R. Gli accordi di Ta’if hanno, di fatto, sospeso la Costituzione e reso il Libano ingovernabile. Siamo privi non solo della libertà, ma perfino del diritto di fare una resistenza. La popolazione vive in uno stato miserabile: fra i ricchi e i poveri è sparita la classe media, che era la forza del Libano. La guerra in realtà continua sotto forma di spinta per far emigrare i cristiani, mentre i musulmani non emigrano grazie al sostegno che ricevono dall’Arabia Saudita e dagli altri Stati arabi.

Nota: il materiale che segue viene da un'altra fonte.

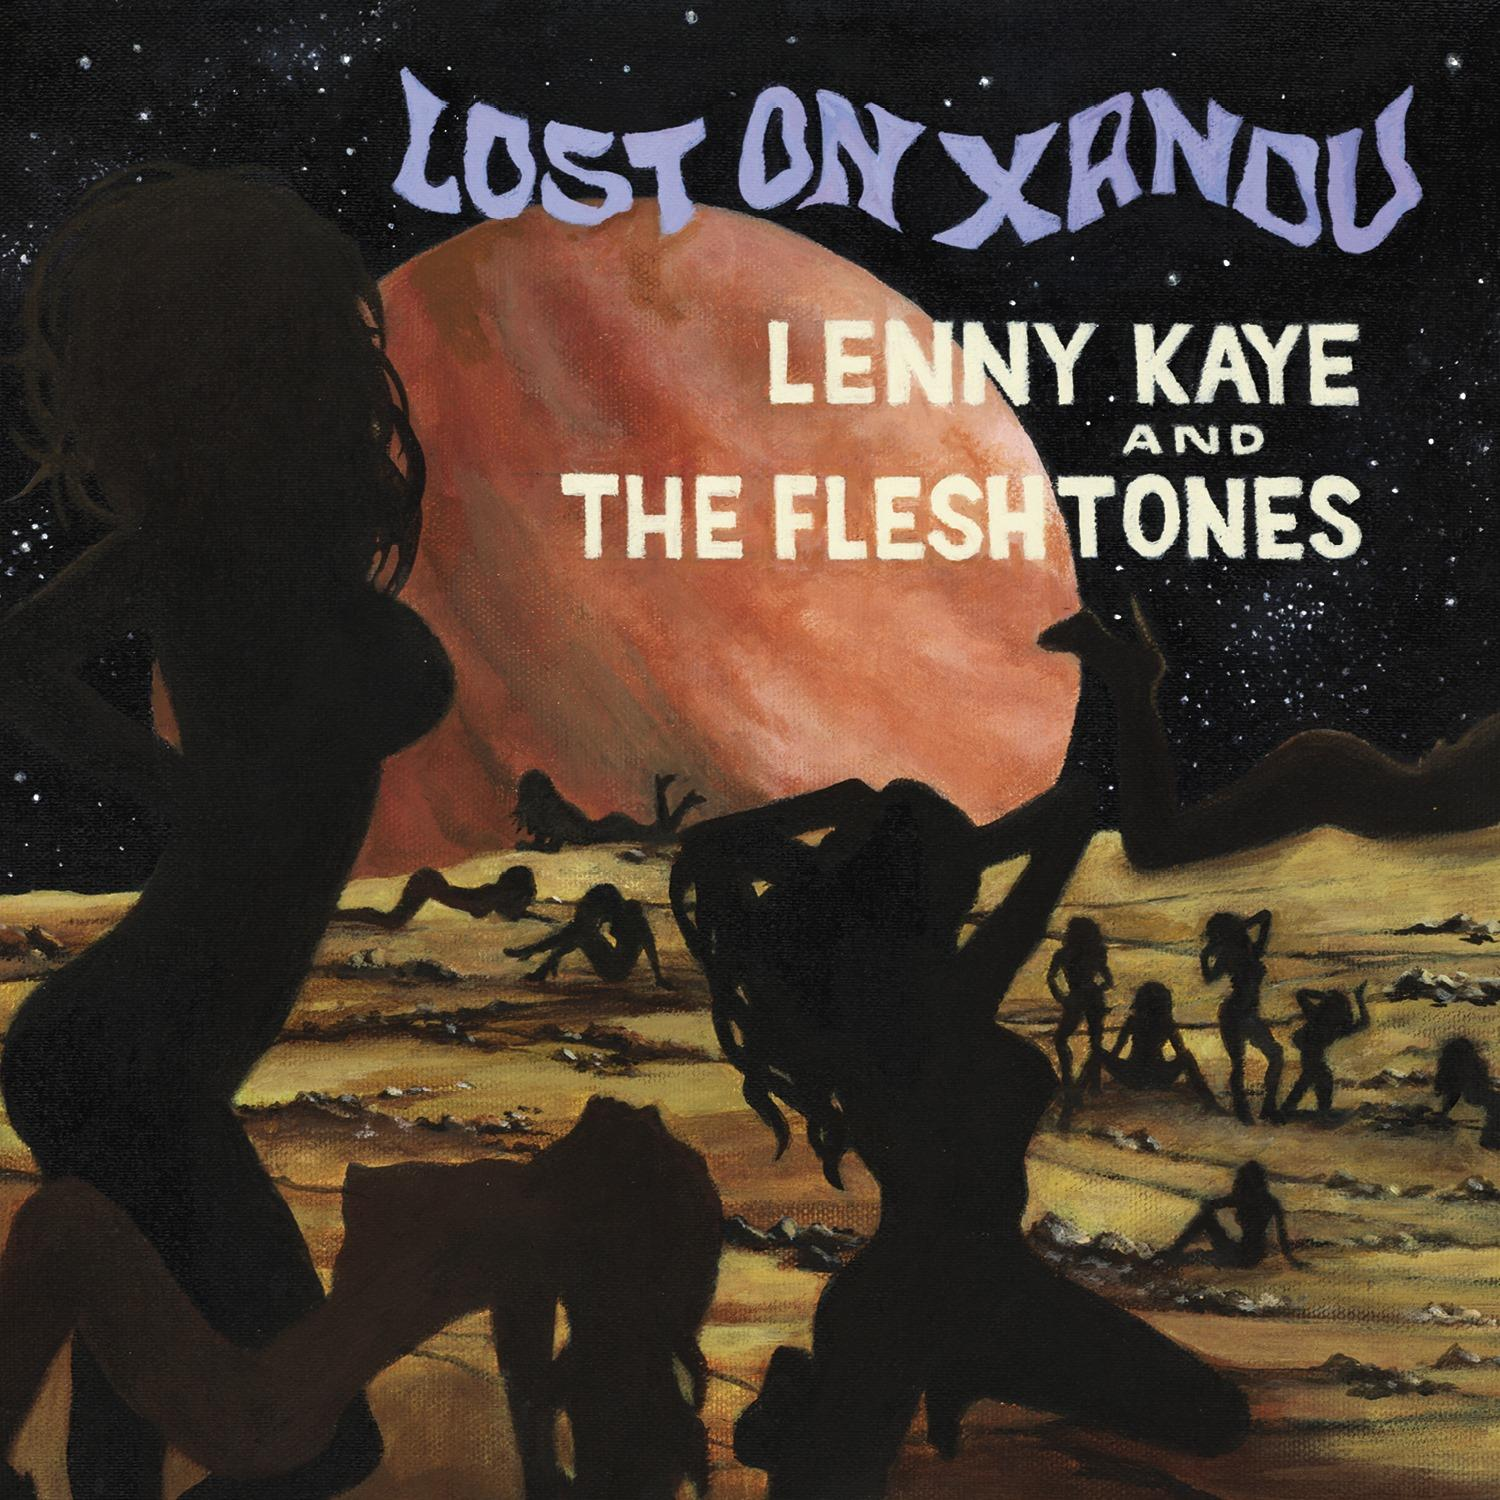 - Lenny 7-LOST The - (Vinyl) Fleshtones XANDU Kaye ON And

D. Nel 1998 sono previste in Libano le elezioni presidenziali, dopo la proroga del mandato presidenziale che fa seguito alla modifica costituzionale introdotta nel 1995. Si terranno? Che ne pensa?
R. Nel 1995 molti libanesi avrebbero preferito lo svolgimento delle elezioni presidenziali, perché la loro proroga solleva molti dubbi sull’esistenza di un’effettiva democrazia nel paese. Una nuova proroga non è impossibile. Oggi forse è perfino meglio che le elezioni non vi siano perché nel quadro attuale potrebbero comportare un peggioramento della situazione. L’attuale presidente del Libano, Elias Hraoui, grazie all’amicizia personale con il presidente siriano Assad, gode almeno di un certo spazio di autonomia che altri potrebbero non avere.
D. Il dialogo interreligioso, di cui Lei particolarmente si occupa, può contribuire alla soluzione della questione libanese?
R. Certo, la religione ha un ruolo importante nella vita della gente. Auspichiamo che Gerusalemme possa essere un giorno un centro d’incontro fra le religioni come lo è stata Assisi, o anche che incontri interreligiosi possano svolgersi a Tiro o a Sidone. La Terrasanta è un esempio di come lo stesso luogo possa essere terra d’incontro o anche di scontro. Peraltro, il dialogo non dovrebbe essere principalmente teologico, ma un confronto per risolvere i problemi concreti della zona. Dovrebbe mirare a ricostruire un Libano dove si possa vivere insieme nel rispetto delle rispettive tradizioni religiose. A proposito del dialogo islamo-cristiano in generale, mi piacerebbe peraltro che si potesse dire basta a certe ipocrisie. Non è vero, per esempio, che crediamo nello stesso Dio né che veneriamo la stessa Maria. Il dialogo interreligioso può avanzare solo se parte da quanto abbiamo veramente in comune — il valore della preghiera, dell’elemosina, del digiuno — e non da presunte, ma in realtà inesistenti, convergenze di carattere teologico.
D. Che cosa può fare l’Occidente per aiutare il Libano?
R. La libertà del Libano è legata al problema più generale del Medio Oriente. Tutti i problemi del Medio Oriente sono collegati: nessuno si risolverà senza che siano risolti gli altri. Ma vi è un’ignoranza crassa della situazione libanese in Occidente. Semplificando il quadro, si ha l’impressione che Israele pianifichi e decida, gli Stati Uniti d’America seguano sistematicamente Israele e l’Unione Europea assista a braccia incrociate, mentre la popolazione libanese è vittima innocente. Cosa possiamo fare? Pregare — la preghiera ha sempre un valore incondizionato e prioritario —, informare l’opinione pubblica, urlare chiedendo giustizia.